# Spotify Canada



## GuitarsCanada (Dec 30, 2005)

Anyone using Spotify?


----------



## 4345567 (Jun 26, 2008)

________________________


----------



## Bubb (Jan 16, 2008)

*Re: Spotify*

Not in Canada yet is it ?


----------



## Adcandour (Apr 21, 2013)

*Re: Spotify*

We have grooveshark. There should be a thread about it from a month or so ago. It turned into a piracy debate, iirc.

The thing about piracy in this regard is that there are plenty of internet radio stations where you can key in a band or song and it'll find you a radio station that it's playing on. Works most of the time. It's very similar to the frowned on "grooveshark".


----------



## GuitarsCanada (Dec 30, 2005)

*Re: Spotify*

I thought that they worked out some kind of royalty agreement with these new ones


----------



## Adcandour (Apr 21, 2013)

*Re: Spotify*



GuitarsCanada said:


> I thought that they worked out some kind of royalty agreement with these new ones


Spotify did. Grooveshark did not.
We only have grooveshark here though (unless somethings changed recently).

If you don't want to deal with grooveshark, try tune-in. It's an okay alternative that costs a buck.


----------



## pattste (Dec 30, 2007)

*Re: Spotify*

I can't wait 'til Canadians can stream my music on Spotify and I can collect those royalties... :sFun_cheerleader2:

If anyone is curious what they pay artists, here's what they pay me:

Rhapsody: $0.00910000
Spotify: $0.00320000, $0.00630000, $0.00200000
MySpace: $0.00030000
iTunes Match: $0.00330000



I think iTunes Match isn't streaming per say, although it is listed as such on my CDBaby statement I don't know why there's three different rates for Spotify, maybe a different rate for HD or on demand, etc. There are others like Pango and Slacker Radio but nobody has ever streamed my music on those or they don't have agreements with CDBaby so I'm not getting paid.

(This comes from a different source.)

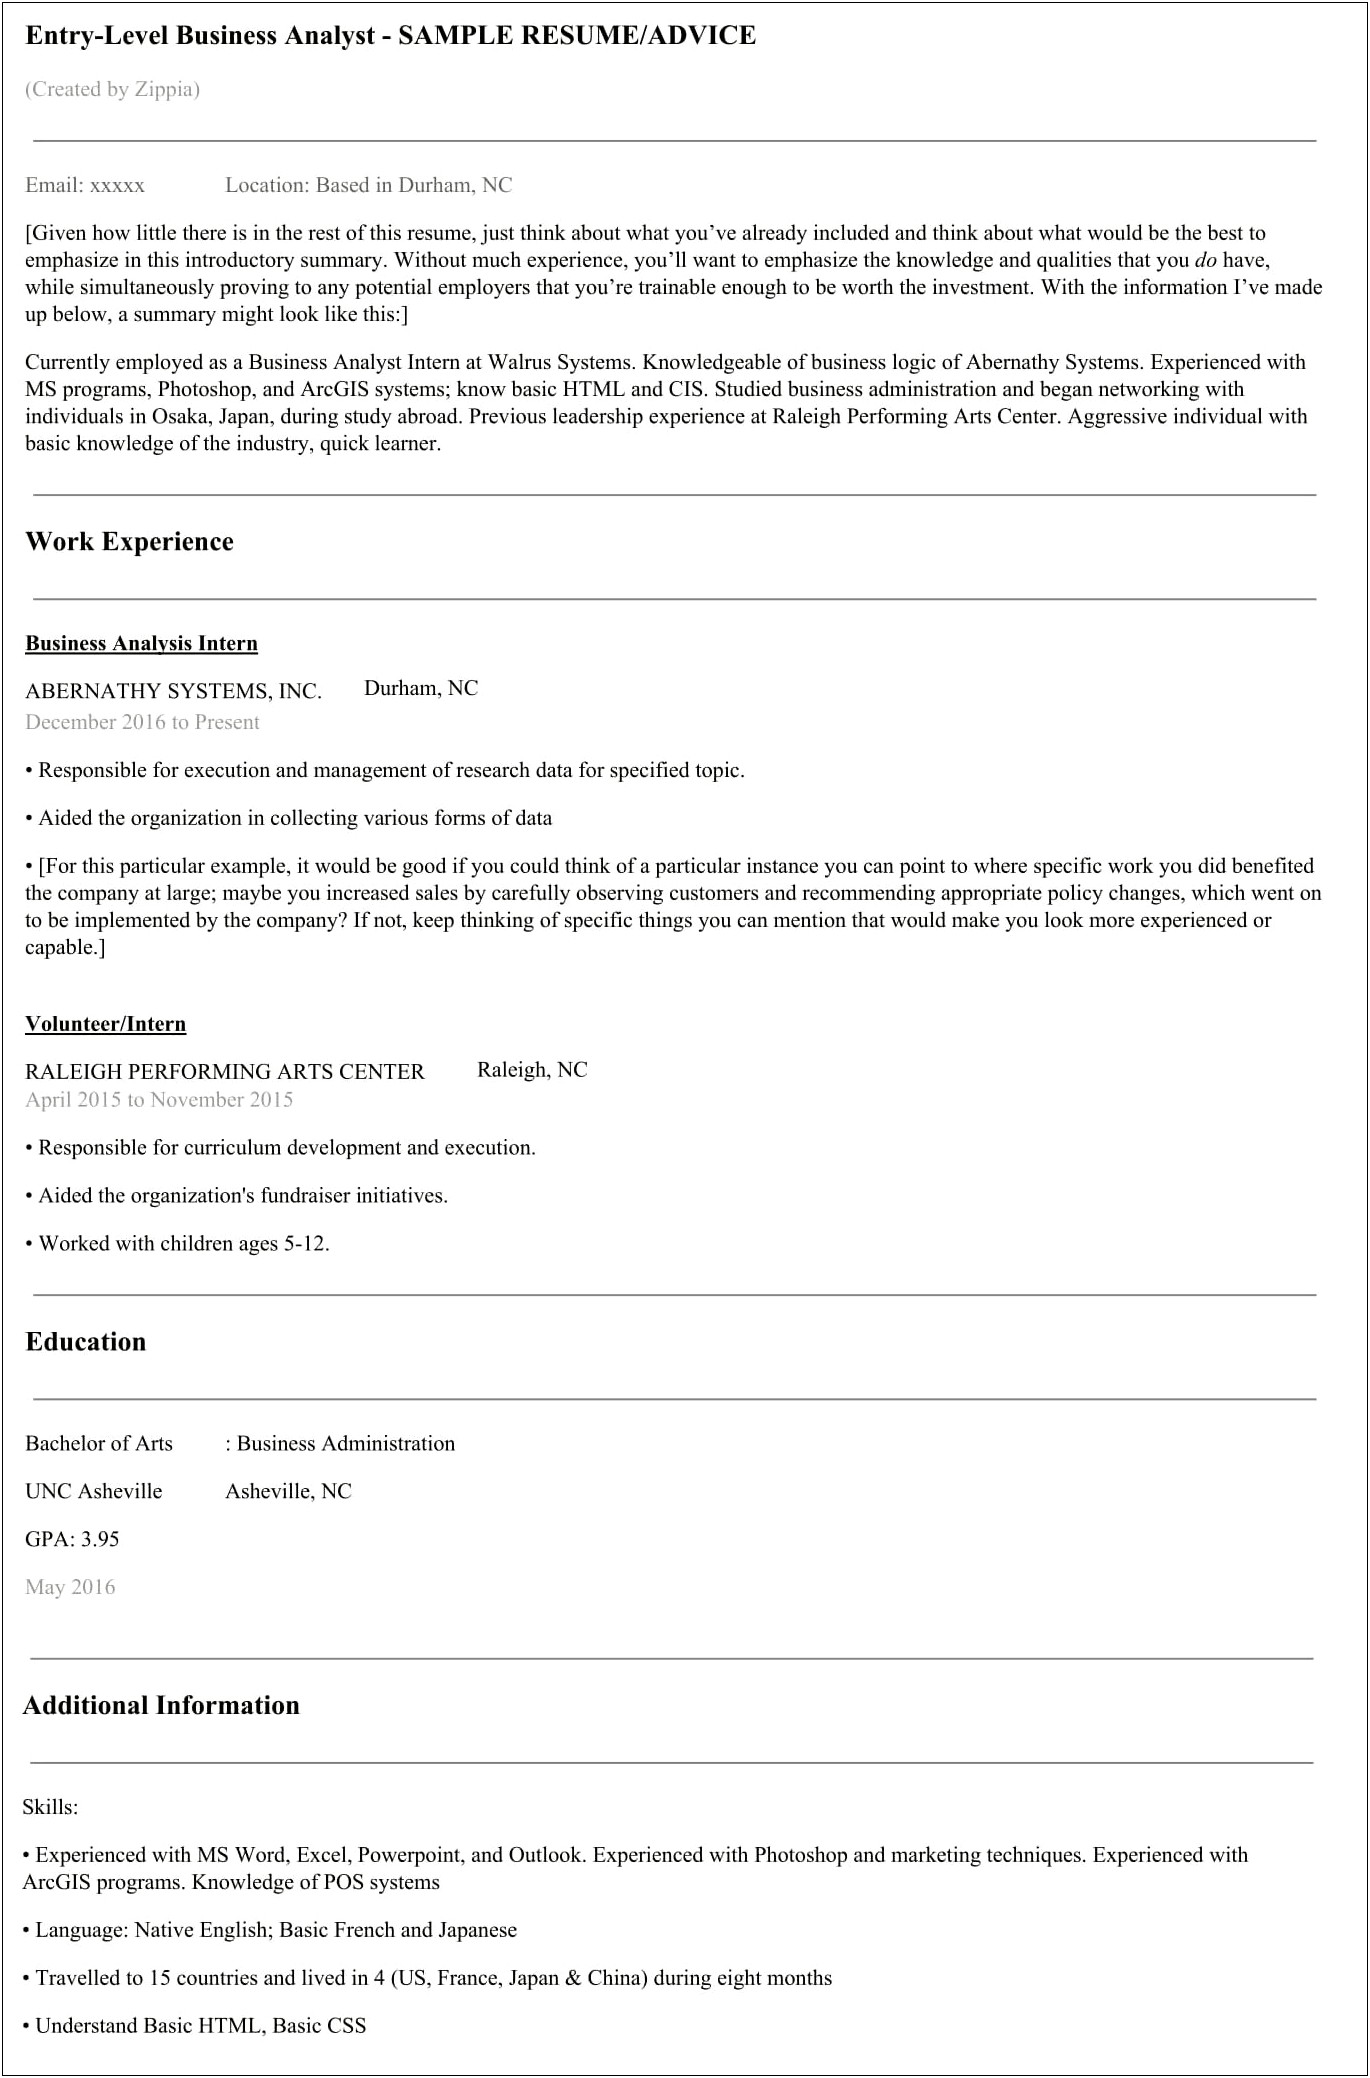 Should I Put Specific Examples In Resume

(Yes, I am keeping my day job.)


----------



## torndownunit (May 14, 2006)

*Re: Spotify*

From what I have read the quality of Spotify is also a lot better than apps like Grooveshark or Tune-in. Spotify is more inline with with a service like Rdio (except even bigger). Legit licensed streaming services, with consistent quality. Spotify also has some sort of offline option available as well I believe.

I would be interested in trying it, but it's not in Canada yet is it?


----------



## Bubb (Jan 16, 2008)

*Re: Spotify*

nope,not yet

"No launch date for Spotify in Canada has been released but the company says users will start getting access to the service in the "coming months." Canadians can register for early access at Spotify.ca." 

source cbc news


----------



## Guest (Jul 14, 2014)

*Re: Spotify*

No. And most of my band here just ditched it to switch to Rdio. I've been a long time Rdio subscriber, since back in my live-in-Canada days, and it's decent. I also have iTunes Match so I can stream over their service but I find they 3-skips/hour limit annoying.

I tend to use it as a radio station. I'll pull up a generated playlist that's based off an interest or mood or artist and let it pick the tracks during my commute to and from work.


----------



## GuitarsCanada (Dec 30, 2005)

*Re: Spotify*

Interesting stuff. Noted


----------